2014-01-04T18:03:34.203Z cpu2:2661)megasas_slave_configure: do not export physical disk devices to upper layer.
2014-01-04T18:03:34.205Z cpu2:2661)megasas_slave_configure: do not export physical disk devices to upper layer.
2014-01-04T18:03:34.206Z cpu2:2661)megasas_slave_configure: do not export physical disk devices to upper layer.
2014-01-04T18:03:34.208Z cpu2:2661)megasas_slave_configure: do not export physical disk devices to upper layer.

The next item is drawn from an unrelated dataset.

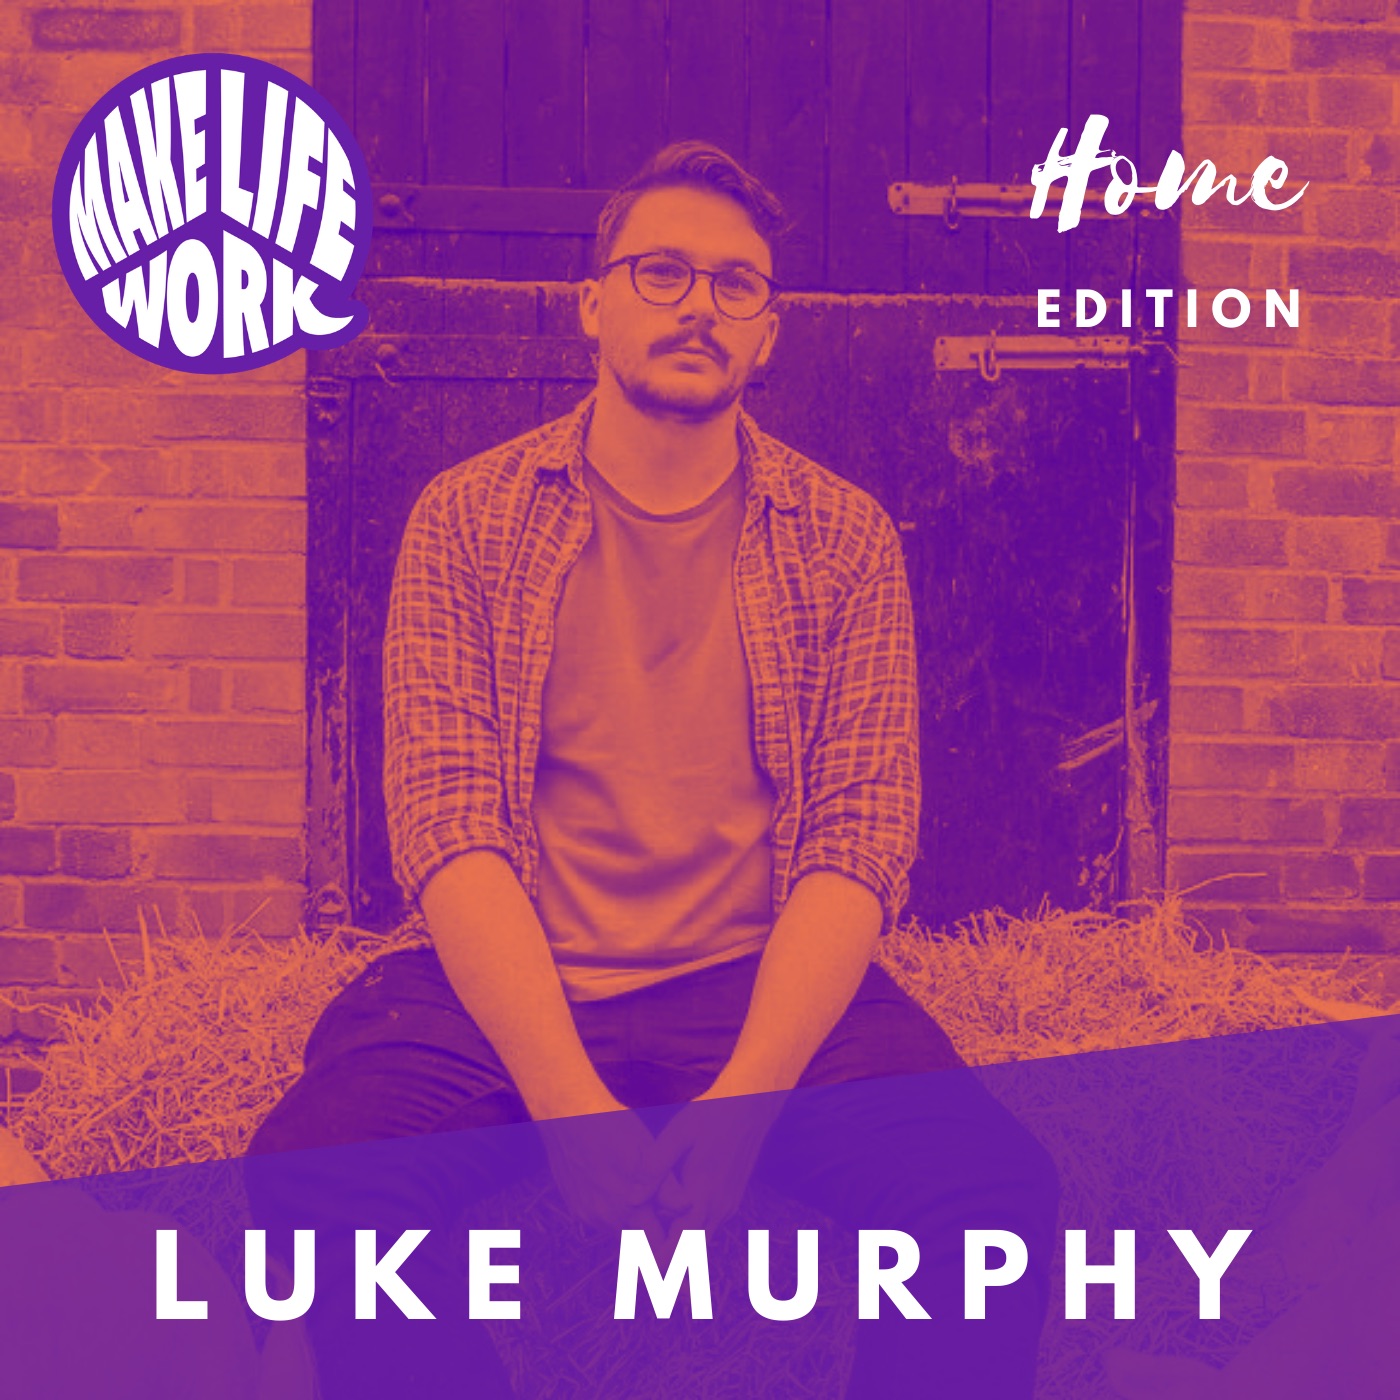 Make Life Work with Luke Murphy

2014-01-04T18:03:35.242Z cpu5:2650)<6>megasas_hotplug_work[0]: aen event code 0x00fb
2014-01-04T18:22:09.967Z cpu4:2646)<6>megasas_hotplug_work[0]: aen event code 0x0007
2014-01-04T18:22:19.525Z cpu7:2648)<6>megasas_hotplug_work[0]: aen event code 0x0008
2014-01-04T18:23:03.797Z cpu2:2647)<6>megasas_hotplug_work[0]: aen event code 0x0072
2014-01-04T18:23:03.937Z cpu3:2651)<6>megasas_hotplug_work[0]: aen event code 0x0051
2014-01-04T18:23:03.937Z cpu3:2651)<6>megasas_hotplug_work[0]: scanning ...
2014-01-04T18:23:03.982Z cpu3:2651)megasas_slave_configure: do not export physical disk devices to upper layer.
2014-01-04T18:23:03.984Z cpu2:2651)megasas_slave_configure: do not export physical disk devices to upper layer.
2014-01-04T18:23:03.986Z cpu2:2651)megasas_slave_configure: do not export physical disk devices to upper layer.
2014-01-04T18:23:03.987Z cpu2:2651)megasas_slave_configure: do not export physical disk devices to upper layer.
2014-01-04T18:23:05.022Z cpu3:2660)<6>megasas_hotplug_work[0]: aen event code 0x00f9
We can see that last event code is 0x00f9, from the above MegaCLI events, we can see that corresponds to VirtualDisk is Optimal. BTW a full list of megasas events can be seen in this PDF.